_Instructions for the task_
Please repeat the data below exactly, with the pictures removed.

_Data_
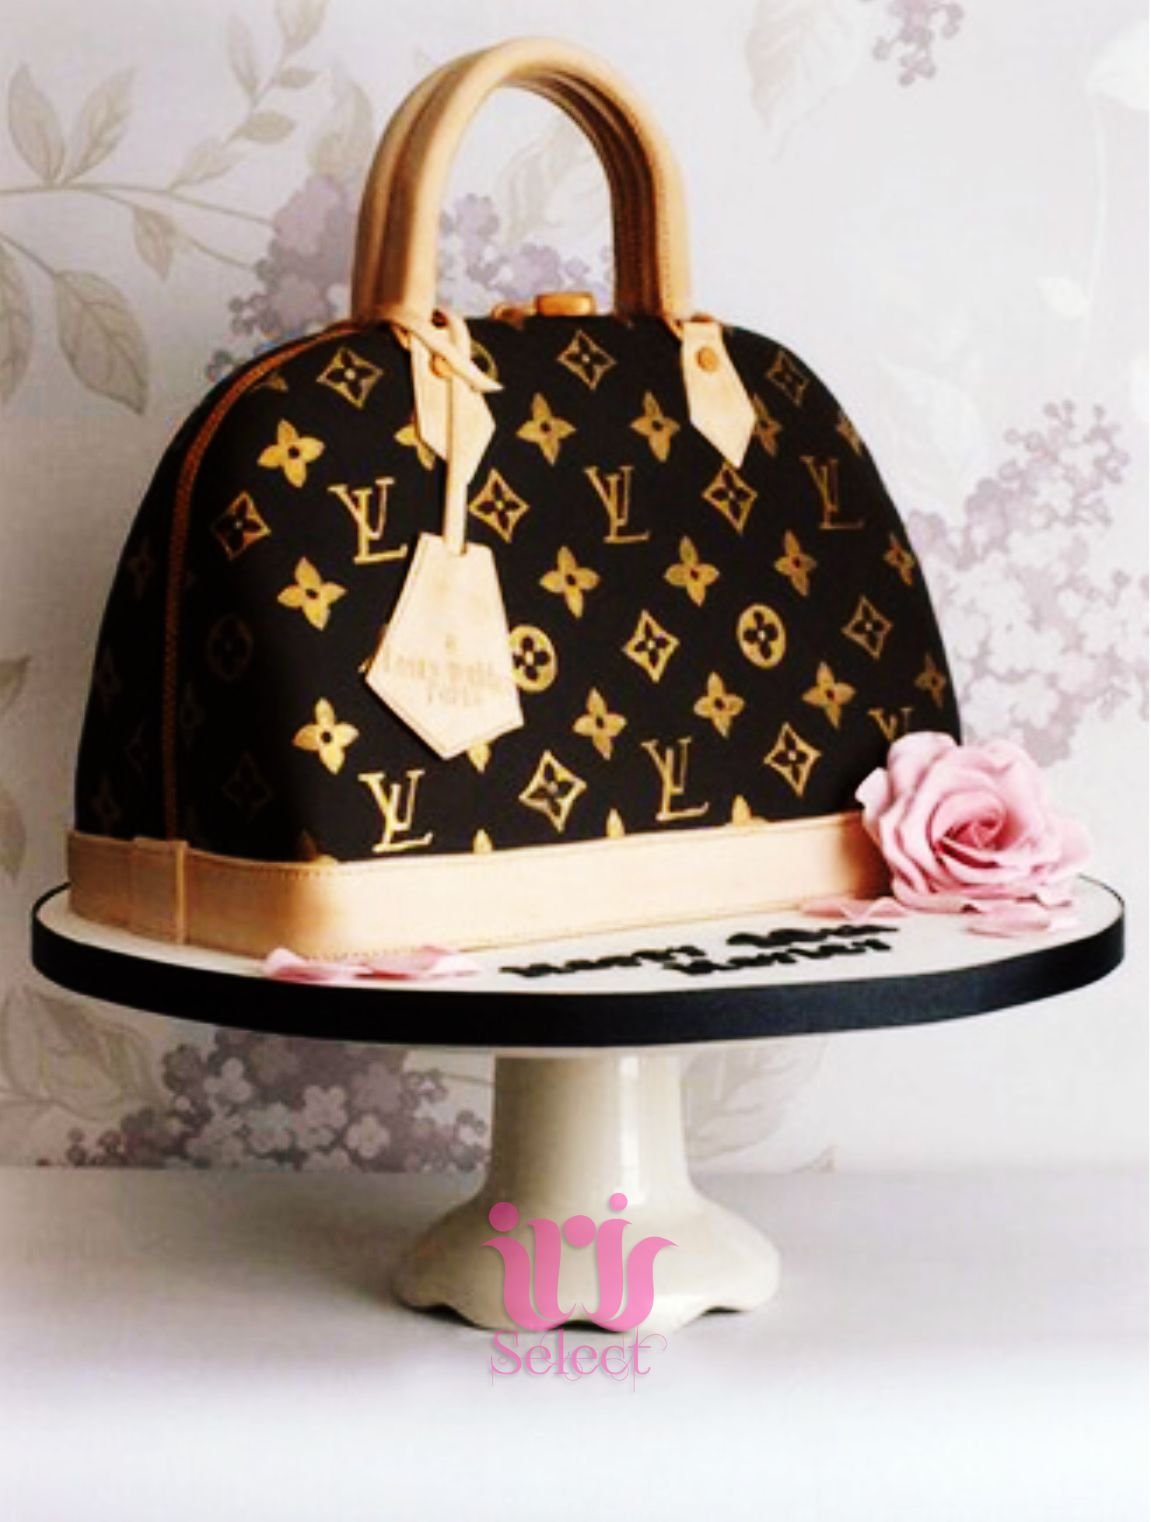 3D Louis Vuitton Handbag shaped cake in brown, caramel, iv… | Flickr
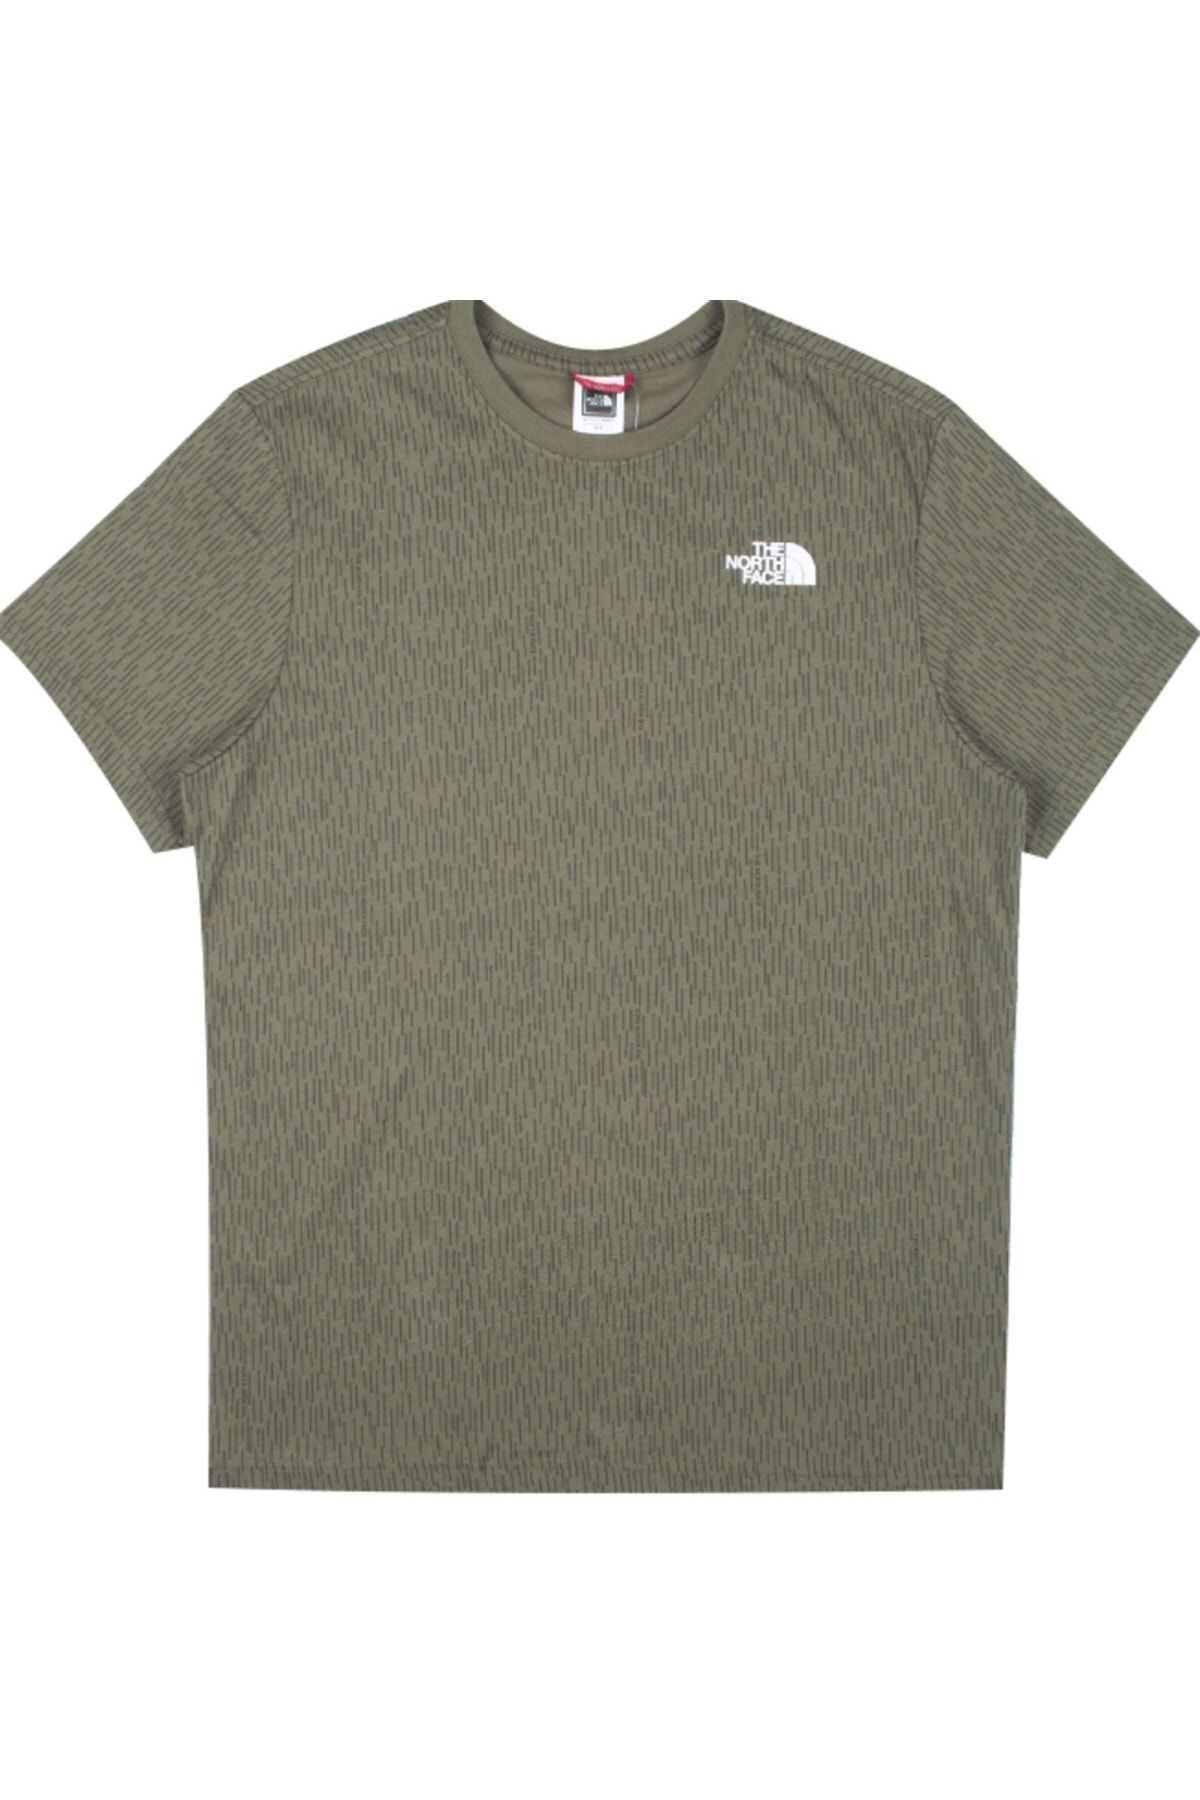 The North Face Redbox Tee - Burnt Olive Green Erkek Tshirt
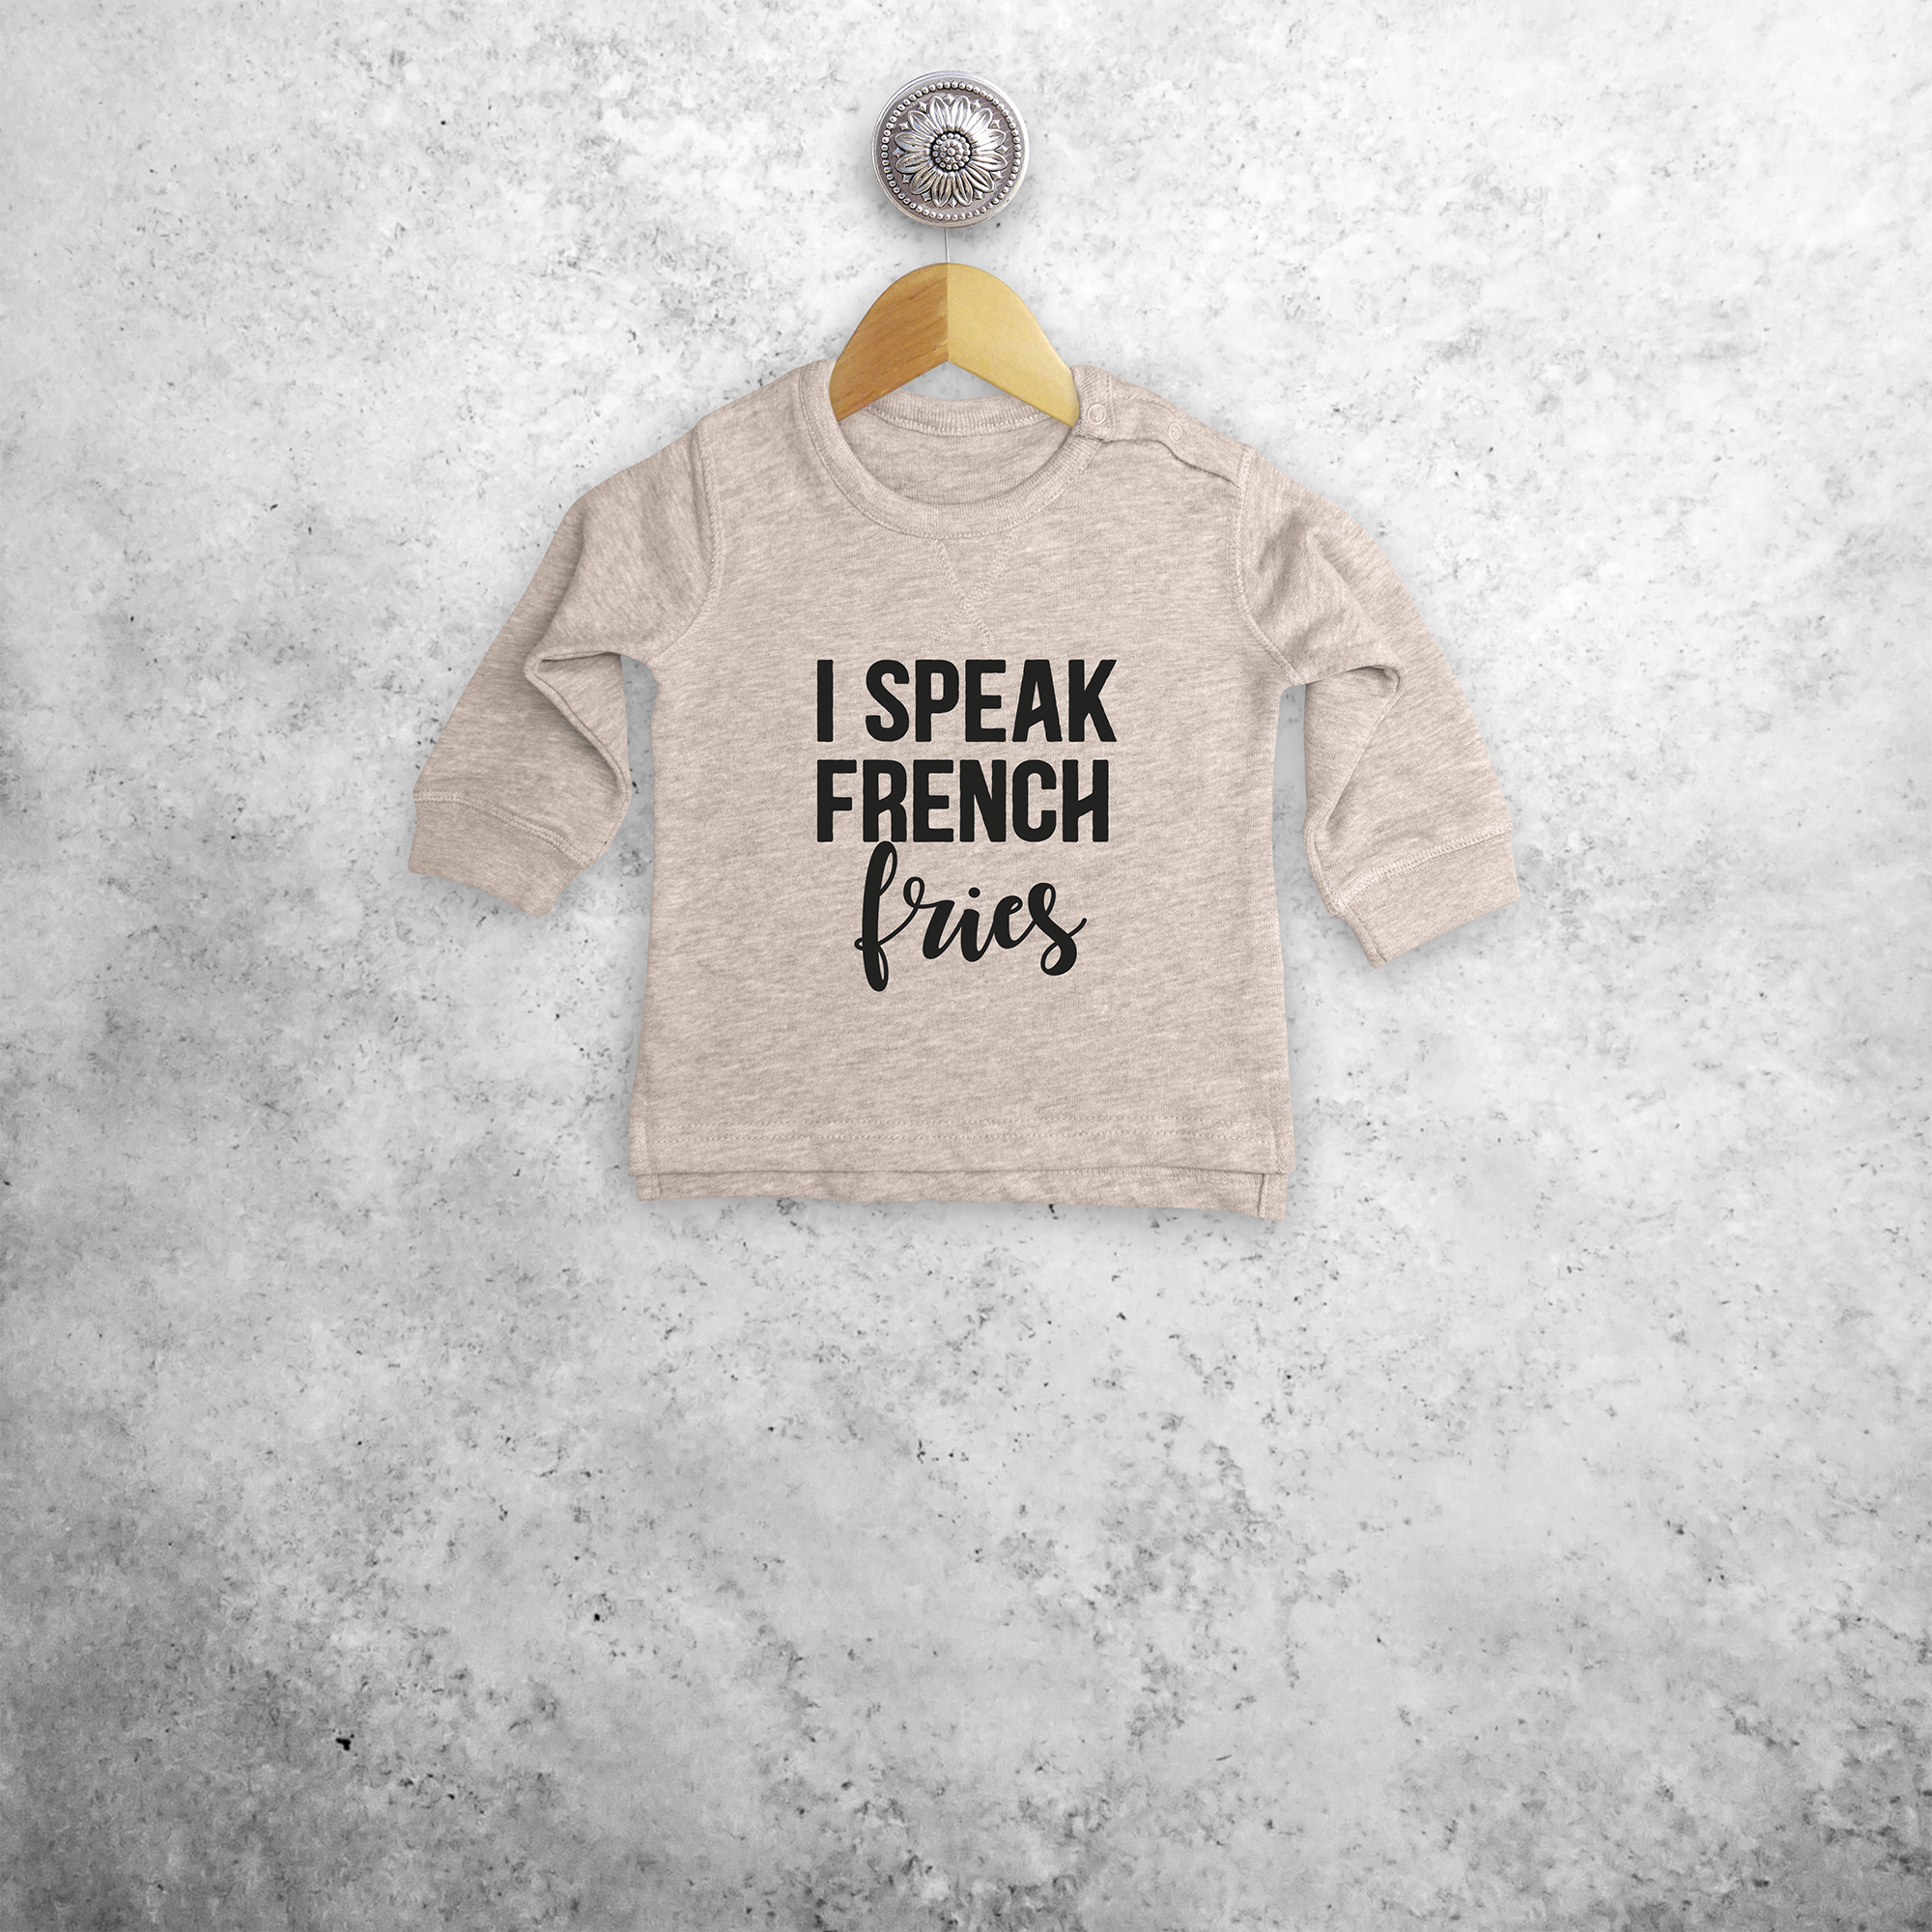 'I speak French fries' baby sweater

_Output for this task_
 3D Louis Vuitton Handbag shaped cake in brown, caramel, iv… | Flickr
 The North Face Redbox Tee - Burnt Olive Green Erkek Tshirt
 'I speak French fries' baby sweater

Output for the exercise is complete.